Theo Epstein played with house money for years in Boston and his two World Series overshadow the path of destruction that he left behind.  He bolted for the windy city and the friendly confines of Wrigley Field, but Sox fans are left with daily reminders of the repercussions of trying to buy your way out of a bad situation.

I’m not saying this is a bridge year and all is lost before it ever really gets going.  It’s not time to hit the panic button….yet.  But if Lucchino et al, think that going out and adding a boatload of salary will turn this ship around they are dead wrong.  What is it going to take?  How about some internal candidates like Youkilis, Ellsbury, Ross and move Bard to the pen.  I’m fine with adding Oswalt to the rotation or trading for a guy like Gavin Floyd, surely another $3-5 million is acceptable.  Anything more than that is best to be offset by shedding payroll elsewhere, for example trading Kevin Youkilis.

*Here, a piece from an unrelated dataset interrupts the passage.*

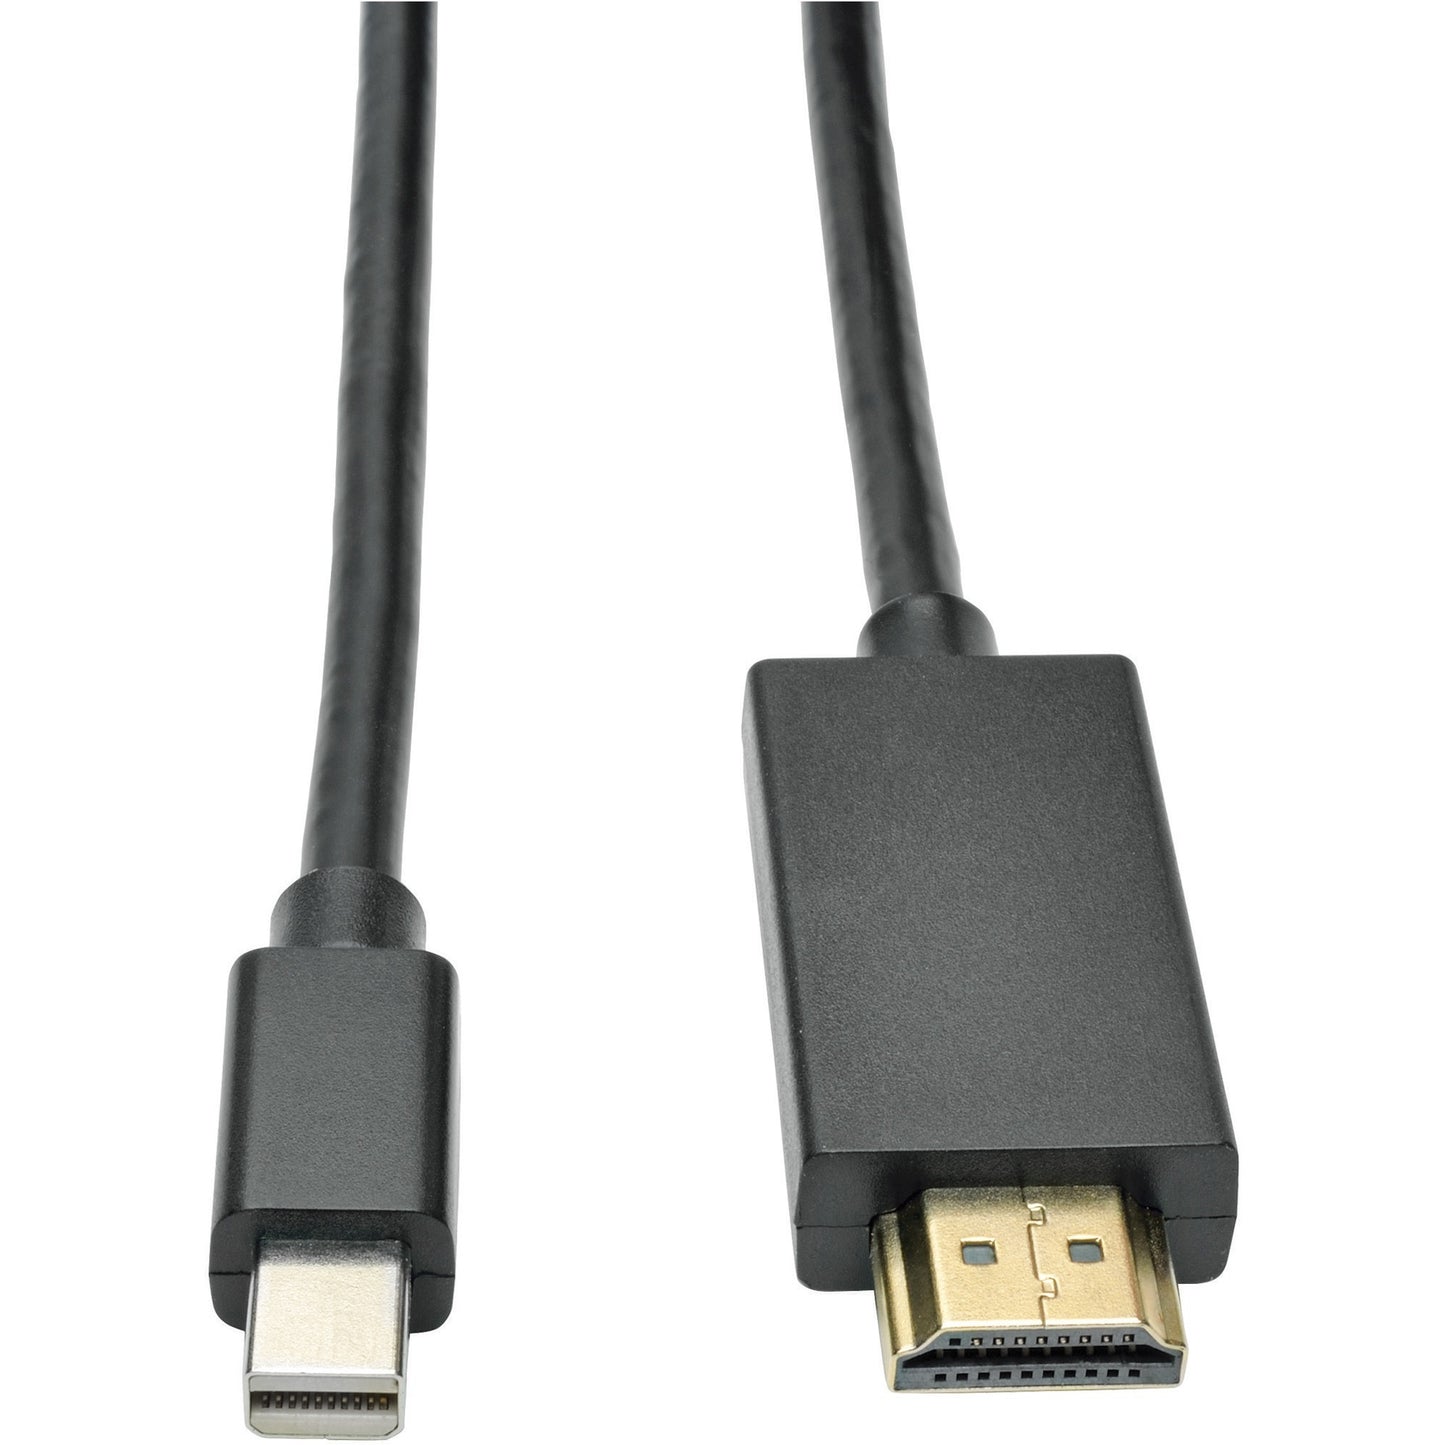 Tripp Lite Mini Displayport to HD Cable Adapter, MDP to HDMI (M/M), MDP2HDMI, 1080p, 6 ft. (P586-006-HDMI),Black - USA Supply

At 33, Youkilis is still a valuable bat and an average third baseman. His salary has been $12M for the past two years and yet another possible question mark as to why Theo threw such a lofty salary over a four-year period for a body that is breaking down. Granted they didn’t know Youk would break down and decline the way he has, but isn’t that what scouts are for?  To analyze the way he plays the game and determine whether or not he can maintain his performance at that level?  A deal involving Youkilis could be the answer, providing Cherington negotiates a young, powerful arm in return.  This is a deal that may need to happen sooner than later to avoid throwing more money at players who aren’t the answer.

What about giving a youngster a chance to come up and play hero for a month and a half.  That doesn’t happen often because of the team’s desire to bring in veteran players with the fix it now mentality. A player like Jose Iglesias would bring some freshness to what has become a stale clubhouse.

Somewhere over the past three seasons all was lost in Boston.  The management focused their interests elsewhere and as a result the club is slowly decaying around them.  Multiple leaks have sprung and this boat is in need of repair.  Let’s all hope they don’t use bubble gum to plug those holes.